**Raw data**:
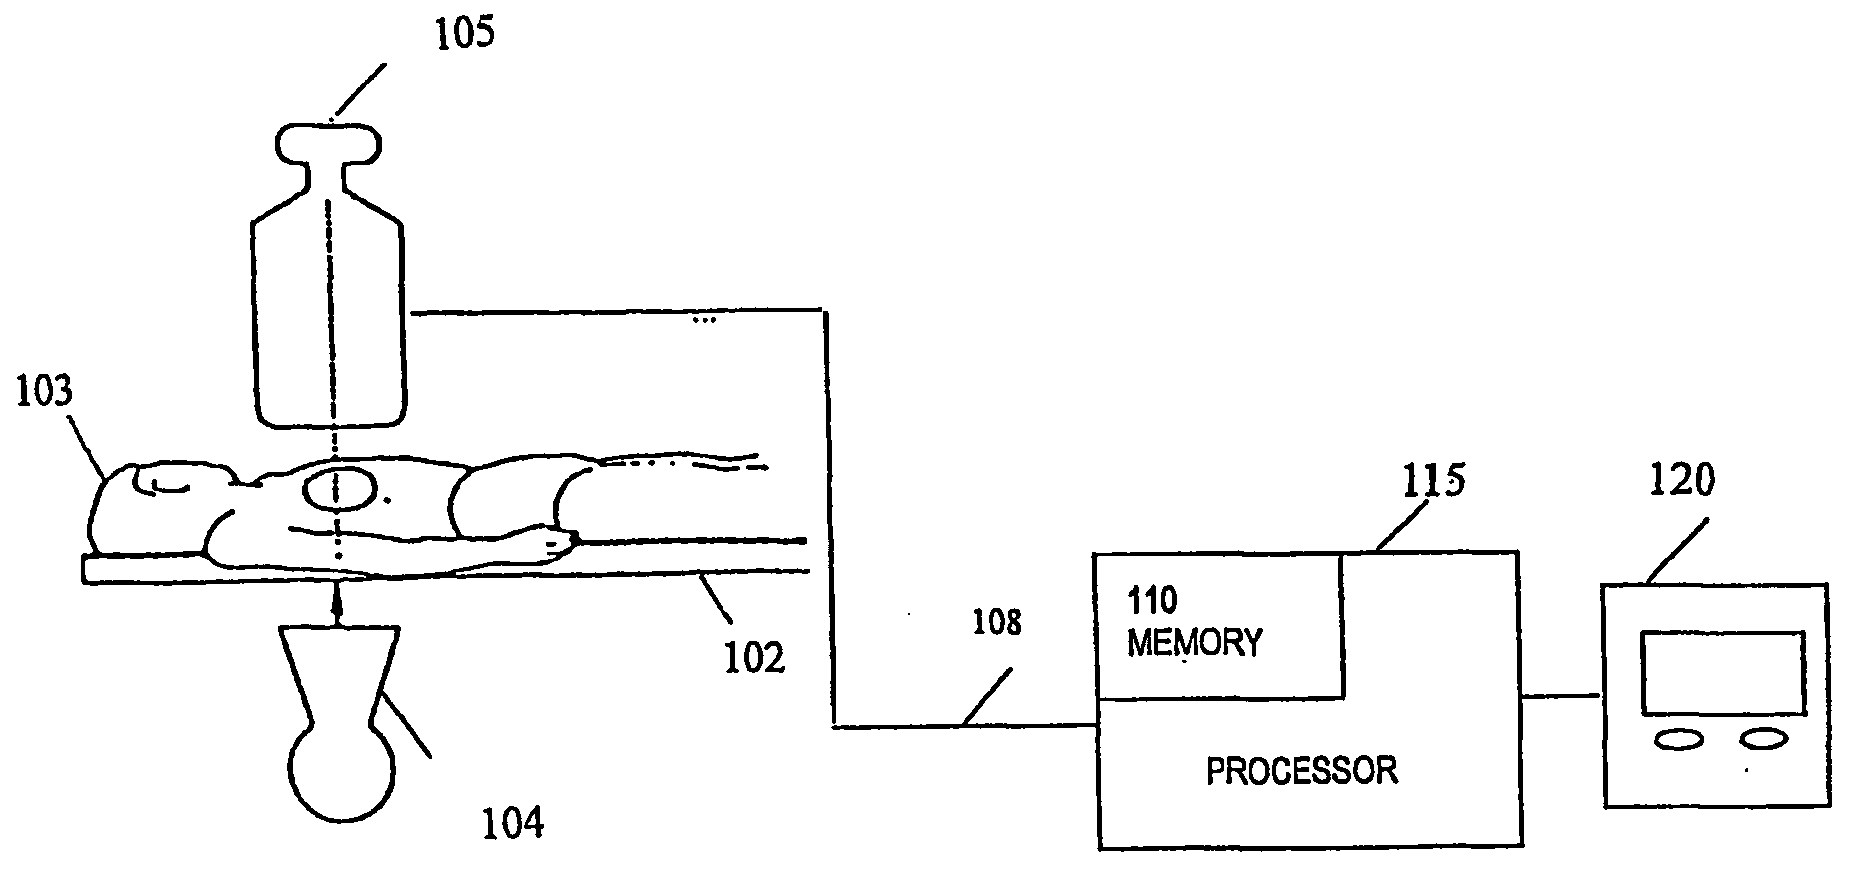 Method and system for positioning a device in a tubular organ
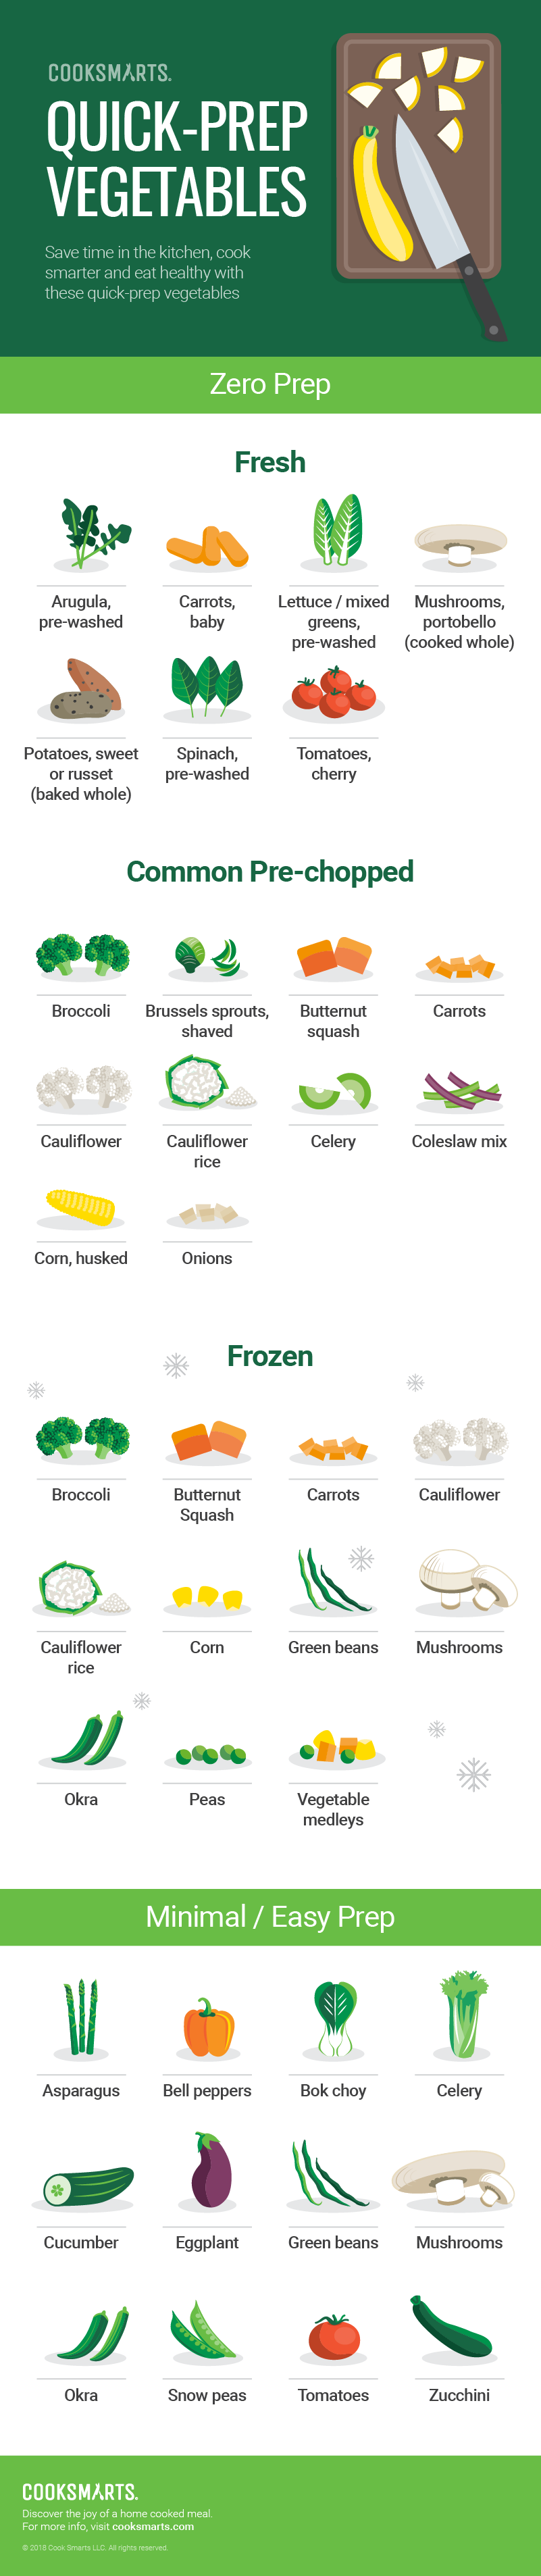 Cook Smarts' List of Quick-Prep Vegetables #infographic
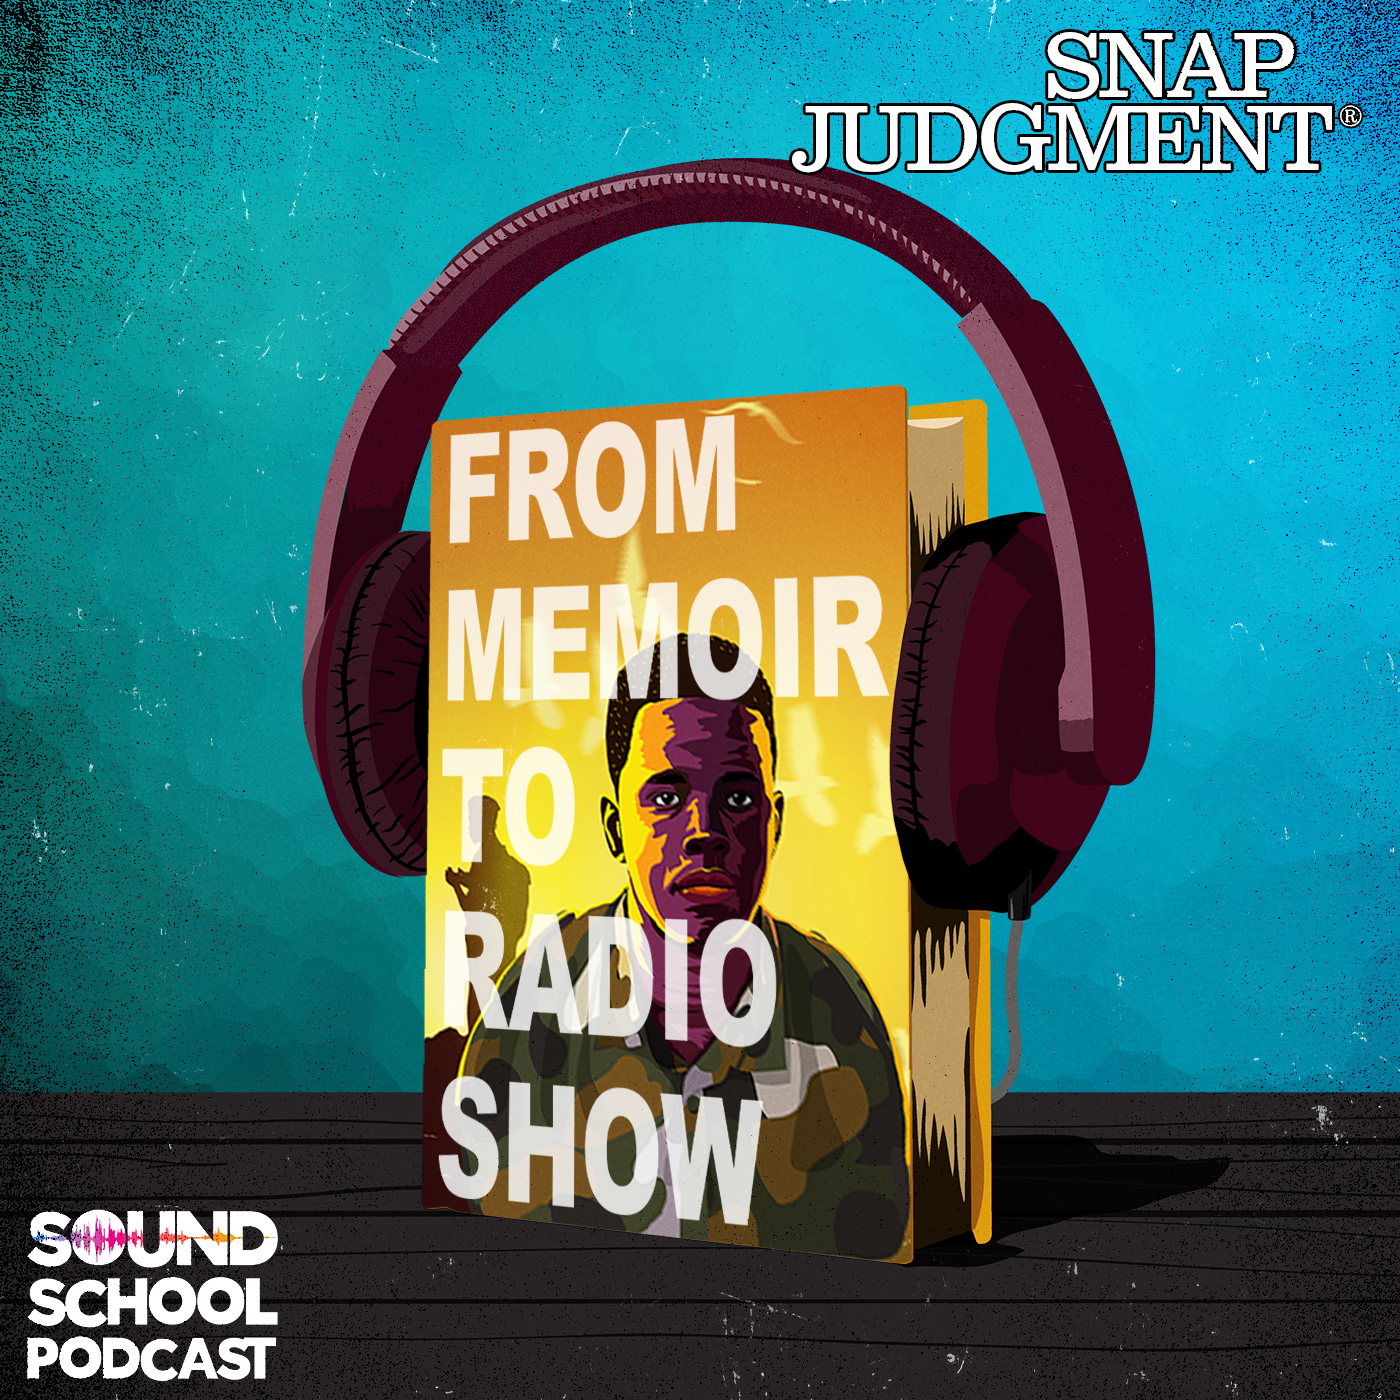 Thumbnail for "How I Made a Snap Story from Sound School Podcast".
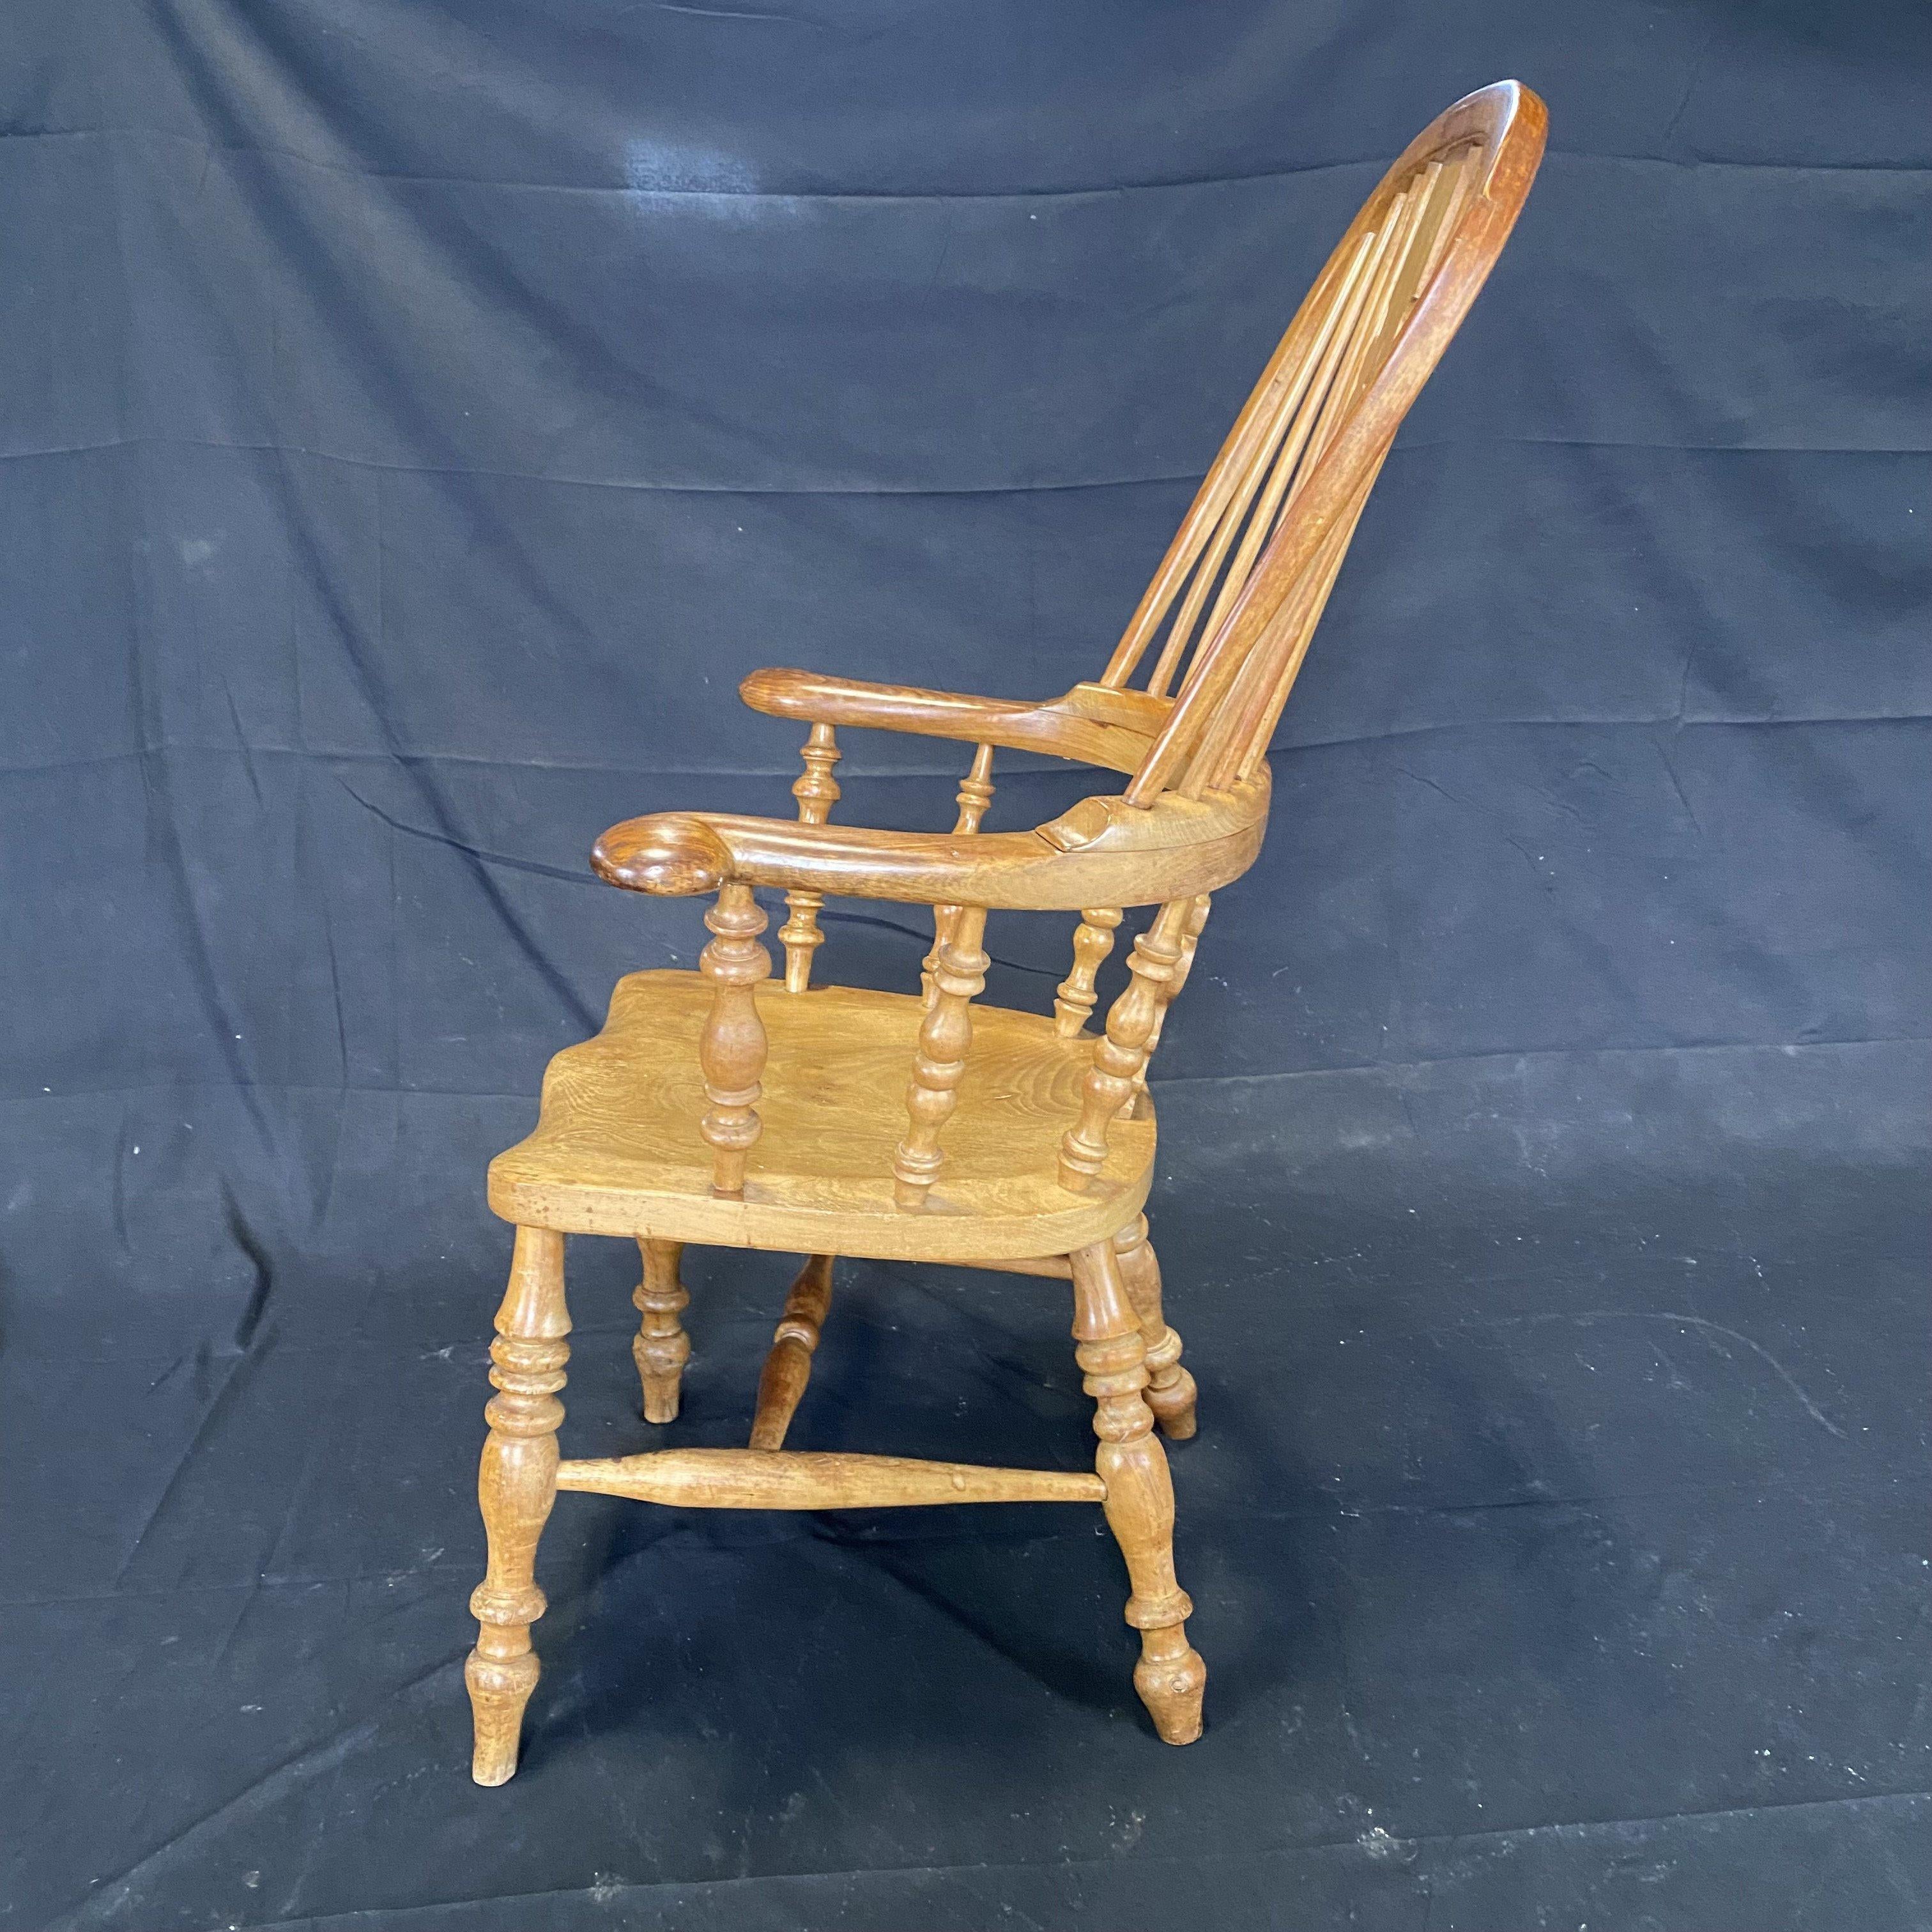 Early 20th century Windsor oak armchair with turned legs and stretcher, well figured and very comfortable. The Windsor chair is established as one of the great classics of English country furniture. Made by village craftsmen to traditional designs

**Exercise prompt**:
Starting with the line that contains "Made a Snap", give the lines again exactly as they appear through the last line of the data, pictures excluded.

**Reply**:
 Thumbnail for "How I Made a Snap Story from Sound School Podcast".
 Early 20th century Windsor oak armchair with turned legs and stretcher, well figured and very comfortable. The Windsor chair is established as one of the great classics of English country furniture. Made by village craftsmen to traditional designs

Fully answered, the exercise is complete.